- _What is being asked_: Scan the records below for the line with "C9 9mm Patriot" and the line with "Buty Adidas Vs", and retype that range exactly, both ends included, pictures excepted.
Records for processing Block Start
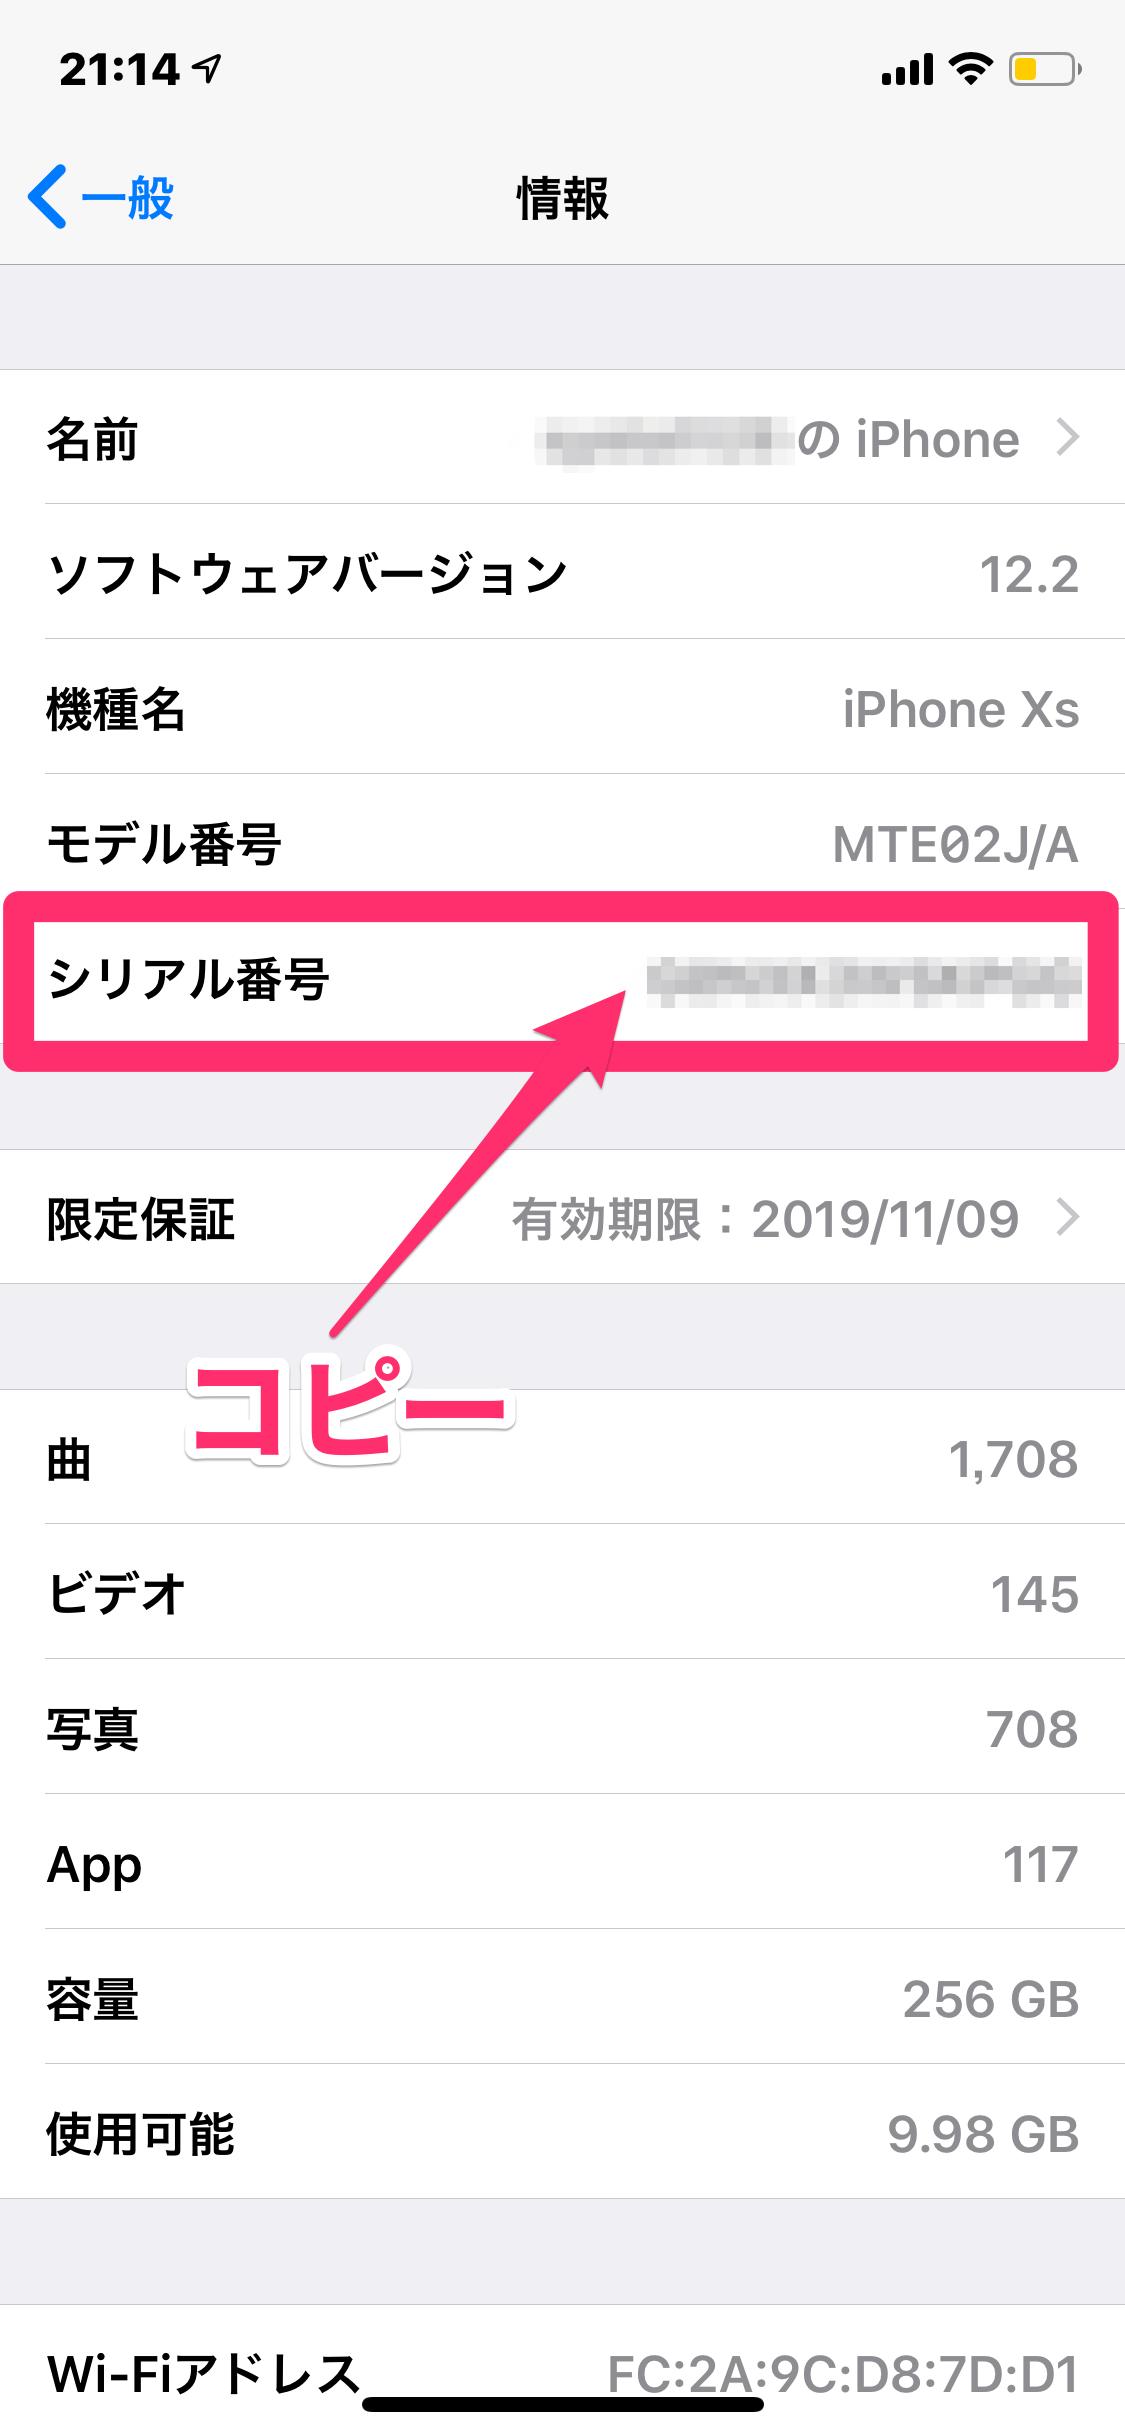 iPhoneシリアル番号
Records for processing Block End
Records for processing Block Start
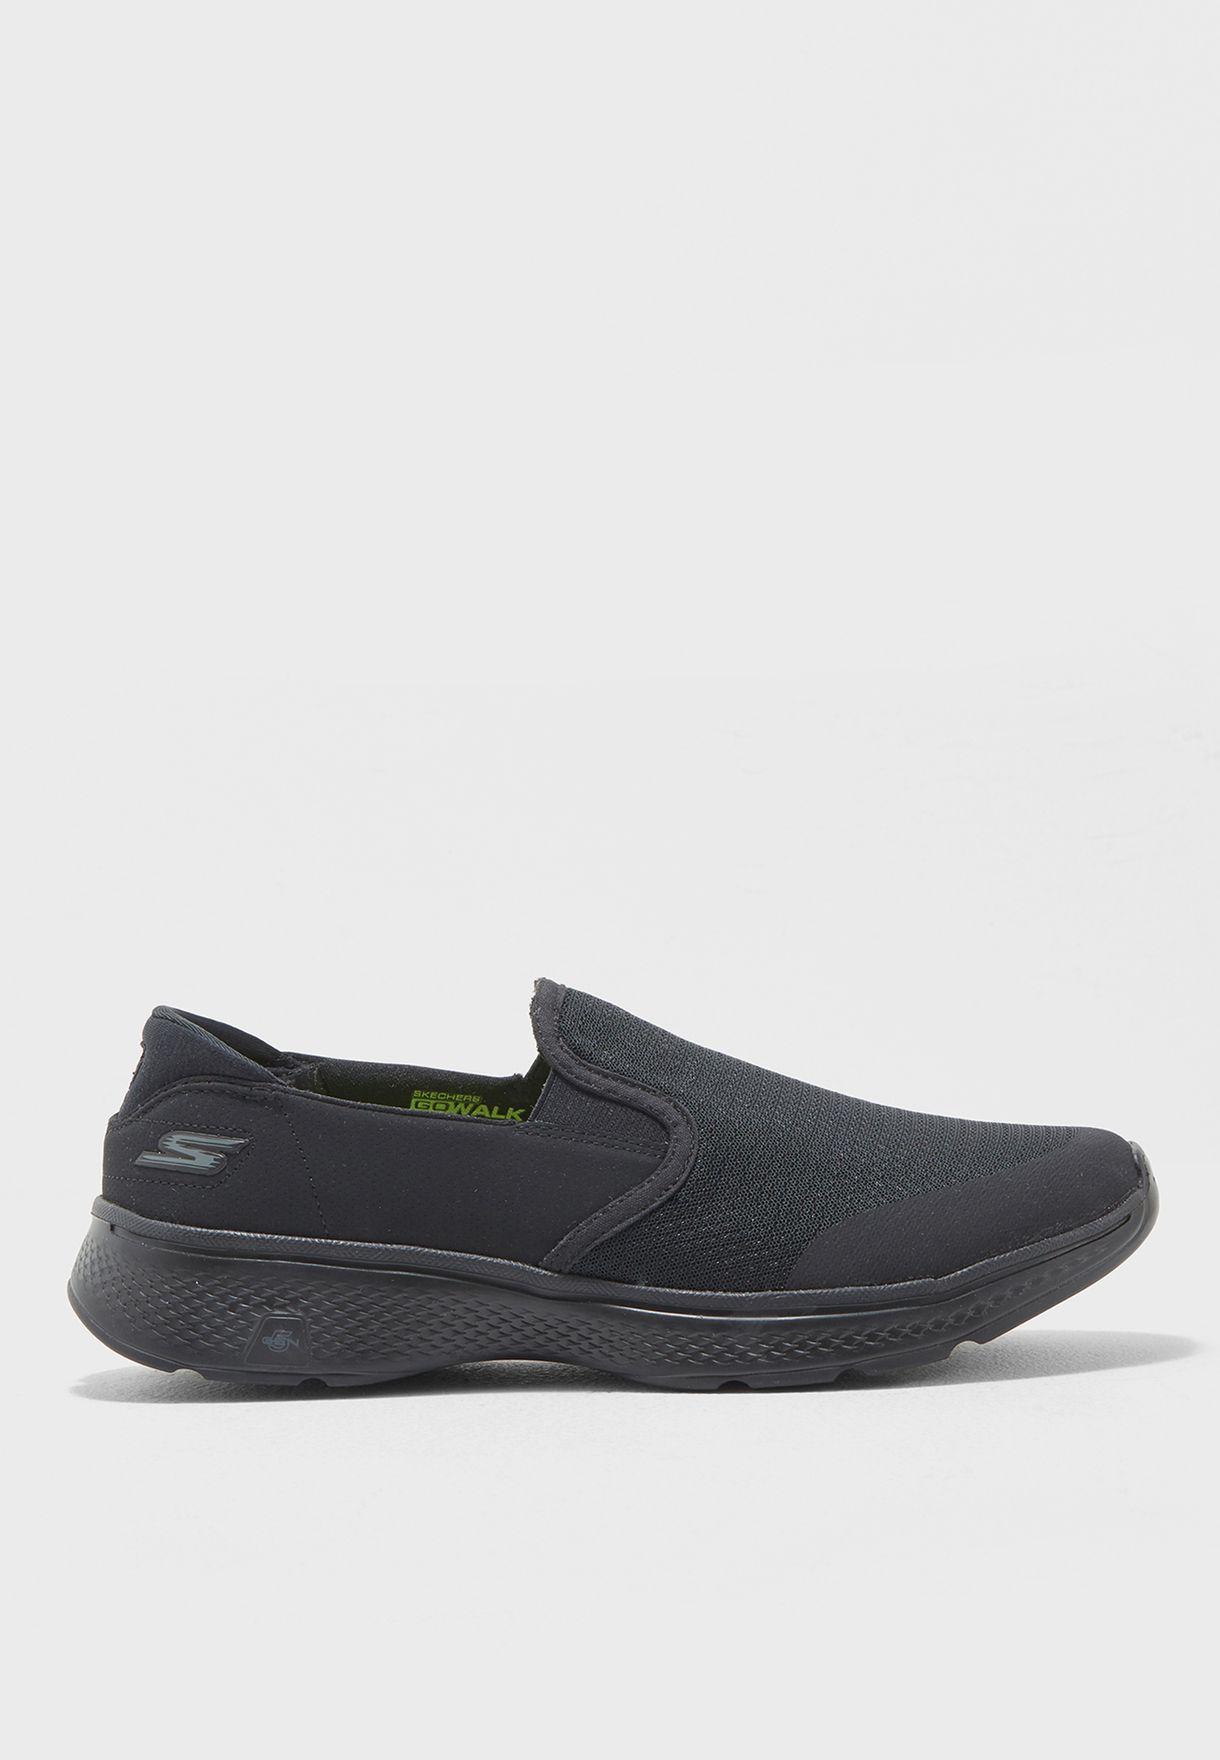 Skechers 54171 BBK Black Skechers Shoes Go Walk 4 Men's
Records for processing Block End
Records for processing Block Start
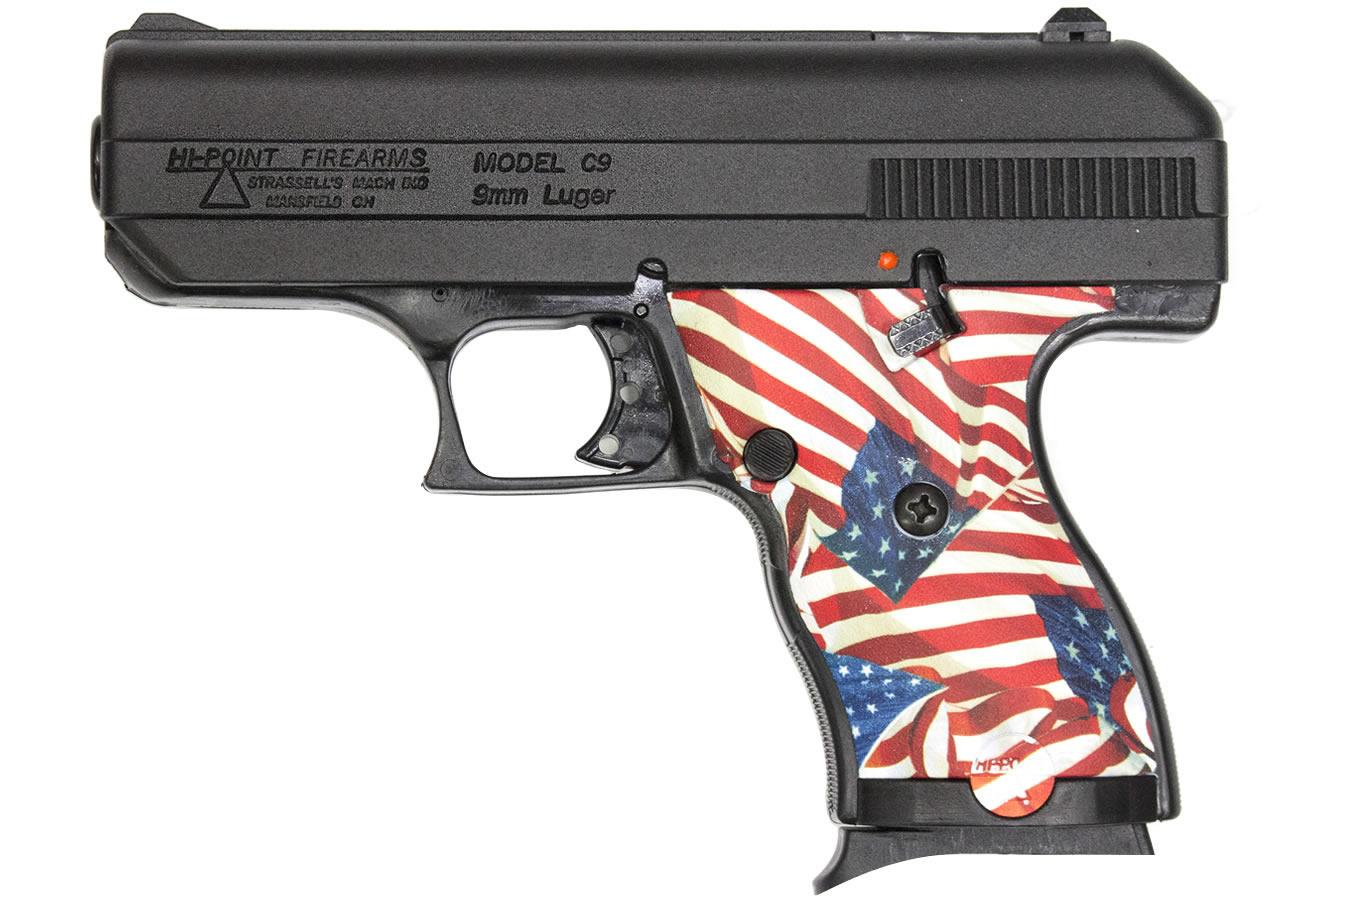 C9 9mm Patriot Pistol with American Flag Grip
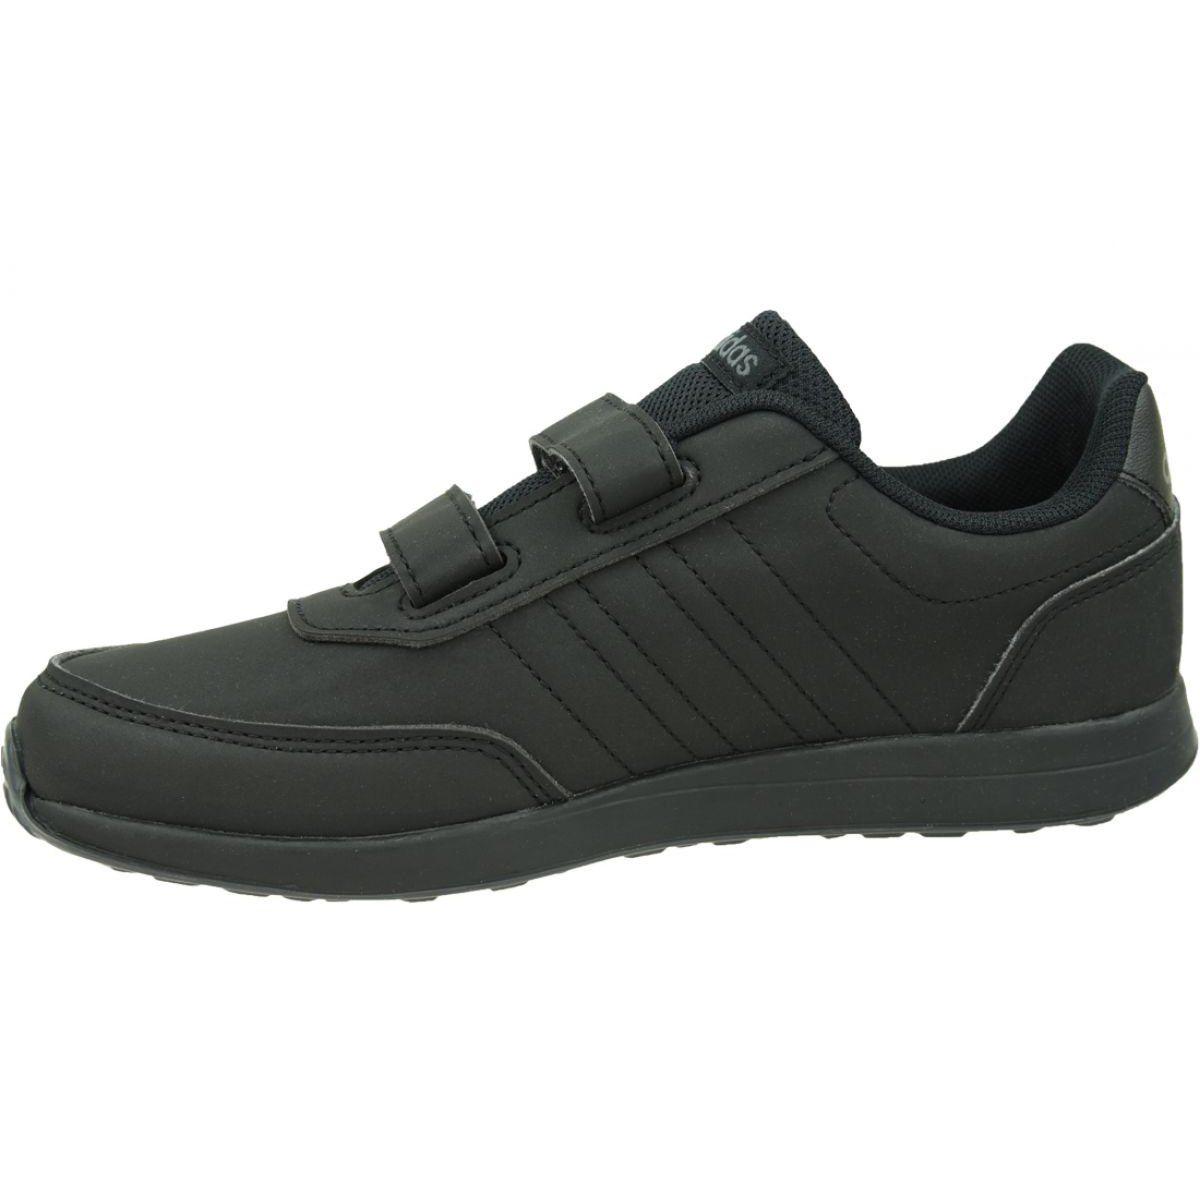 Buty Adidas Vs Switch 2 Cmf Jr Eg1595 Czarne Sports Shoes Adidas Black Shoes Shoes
Records for processing Block End
- _Problem solution_:
 C9 9mm Patriot Pistol with American Flag Grip
 Buty Adidas Vs Switch 2 Cmf Jr Eg1595 Czarne Sports Shoes Adidas Black Shoes Shoes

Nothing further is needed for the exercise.